> _Instructions to follow_:
Write out again, exactly, the lines below starting at the one with "Black Wallpaper Hd Smartphone gambar ke 20" and ending at the one with "Deko-sommerfugl med gul/lyseblå·".

> _Records supplied_:
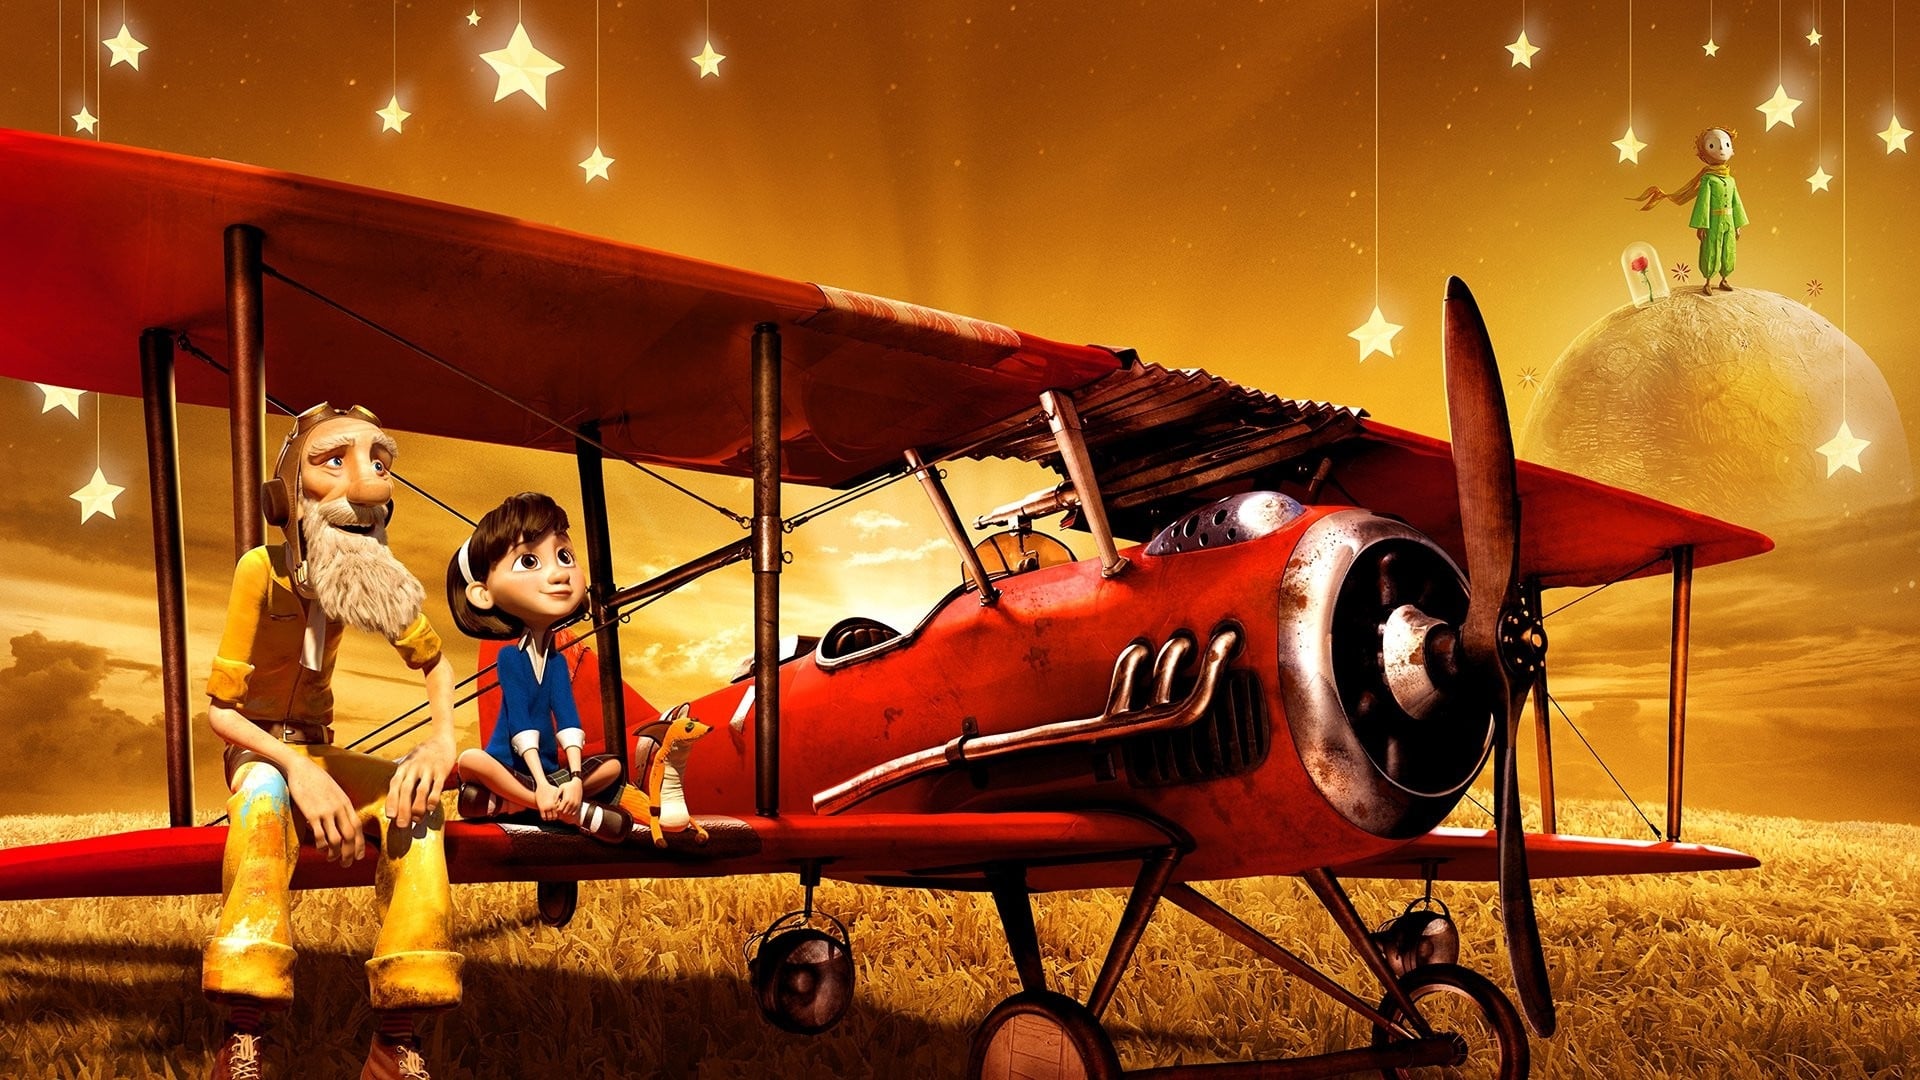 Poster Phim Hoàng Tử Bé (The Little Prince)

--

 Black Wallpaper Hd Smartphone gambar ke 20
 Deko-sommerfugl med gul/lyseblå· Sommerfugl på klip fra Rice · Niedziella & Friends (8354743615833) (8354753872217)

==

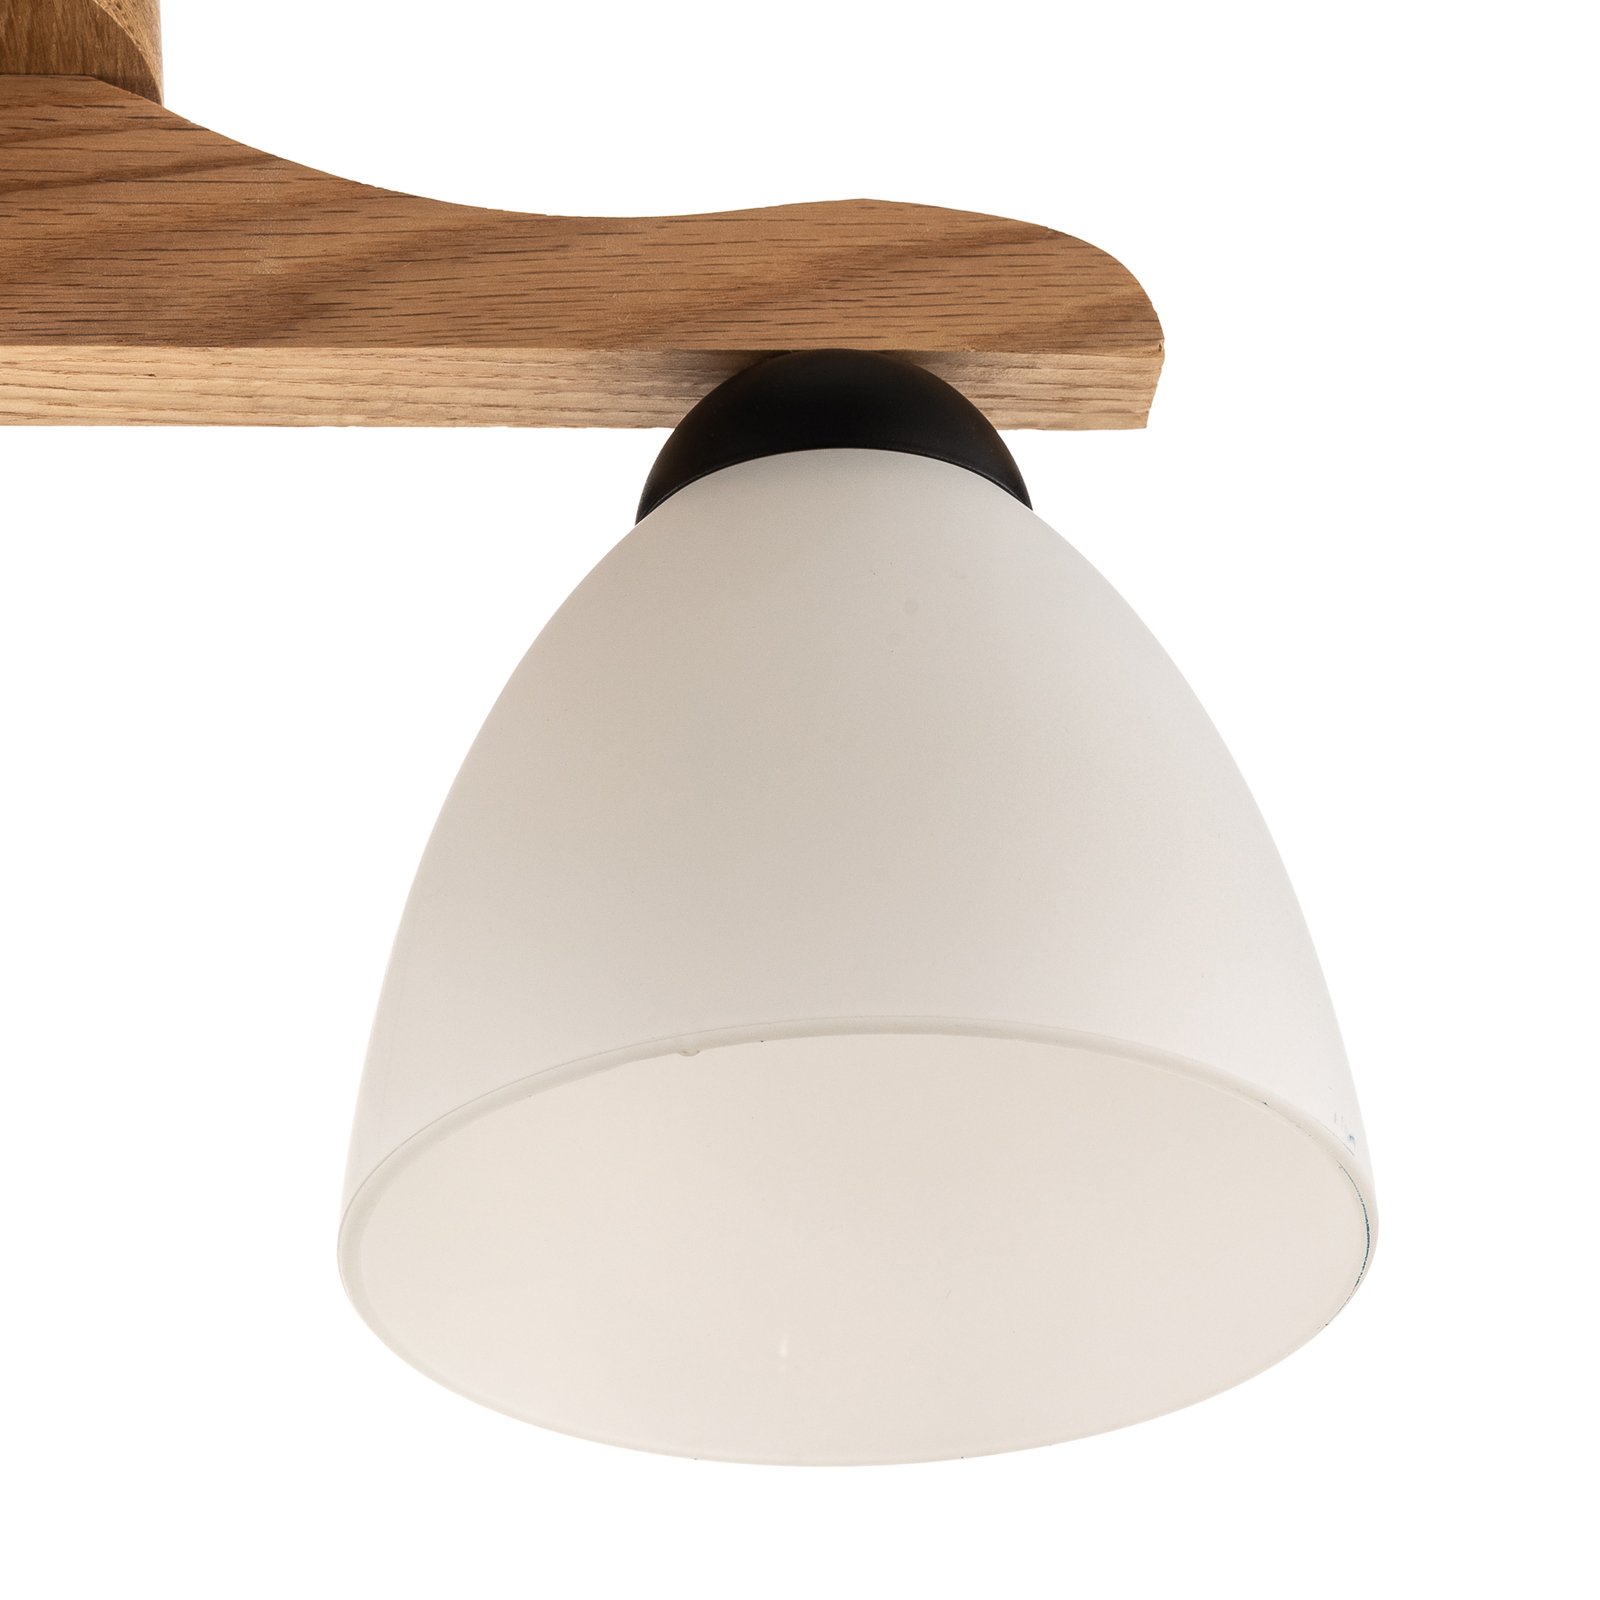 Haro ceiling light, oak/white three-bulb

> _Answer box_:
 Black Wallpaper Hd Smartphone gambar ke 20
 Deko-sommerfugl med gul/lyseblå· Sommerfugl på klip fra Rice · Niedziella & Friends (8354743615833) (8354753872217)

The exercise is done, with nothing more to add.